The Ukrainian military has said that Russian forces fired seven missiles at Odesa, hitting a shopping centre and a warehouse in an attack that killed one person and injured five.

The city’s Mayor Gennady Trukhanov said that the warehouse "had nothing in common with military infrastructure or military objects".

The strikes come a day after a Victory Day parade in Moscow, where Vladimir Putin was surprisingly calm in his speech – which many expected to be thunderous.

A Russian supersonic bomber fired three hypersonic missiles as part of the barrage according to Ukrainian think tank Centre for Defence Strategies.

The centre identified the weapons used overnight as Kinzhal, or "Dagger", hypersonic air-to-surface missiles.

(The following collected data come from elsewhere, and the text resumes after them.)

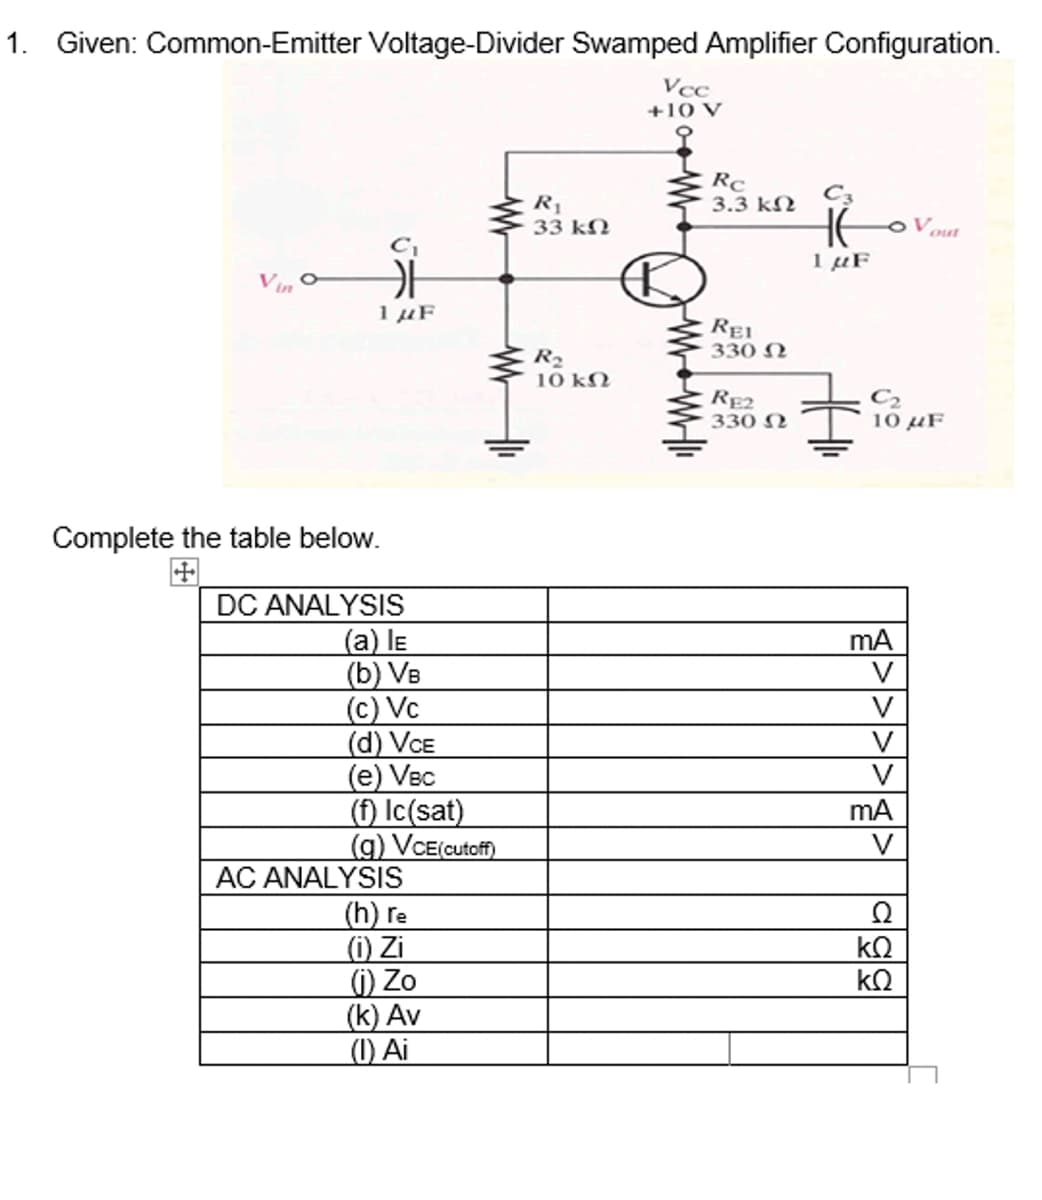 1. Given: Common-Emitter Voltage-Divider Swamped Amplifier Configuration.
Vcc
+10 V
Rc
3.3 kN
C3
R1
33 kN
out
1 µF
1 µF
Rei
330 N
R2
10 kN
RE2
330 N
10 µF
Complete the table below.
田
DC ANALYSIS
(a) lE
(b) Vв
(c) Vc
(d) VCE
(e) Vec
(f) Ic(sat)
(g) VCE(cutoff)
mA
V
V
V
V
AC ANALYSIS
(h) re
(i) Zi
(1) Zo
(k) Av
(1) Ai
Ω

The Russian military said it used the Kinzhal hypersonic missile for the first time ever to destroy an underground ammunition depot in Delyatyn, Ivano-Frankivsk Oblast, Ukraine on March 19.

The danger of the missile system, that accelerates at more than two miles per second, is that it is so fast that it cannot be intercepted by any current missile defence system.

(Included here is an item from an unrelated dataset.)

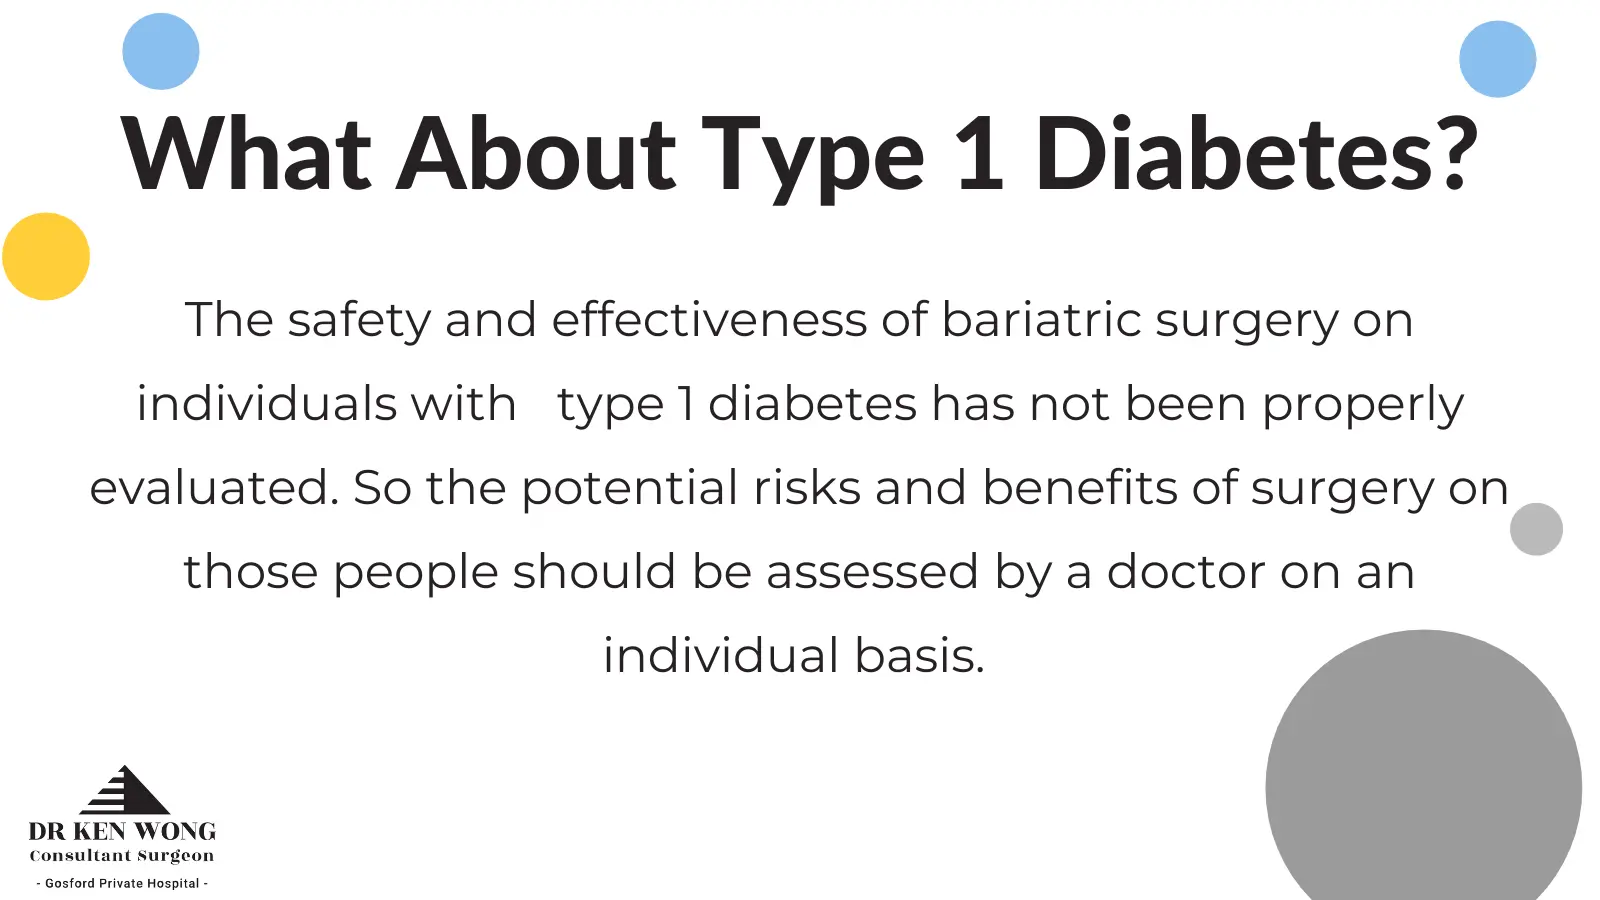 bariatric surgery for type 1 diabetes

The Kh-47M2 Kinzhal air-launched ballistic missile, is allegedly capable of reaching Mach 10 speeds (7672 mph) and distances up to 1700 miles. It can also theoretically carry a nuclear warhead.

For comparison, the US Tomahawk cruise missile is subsonic, meaning that it is slower than the speed of sound, and travels around 550 mph, and goes a maximum distance of around 1500 miles.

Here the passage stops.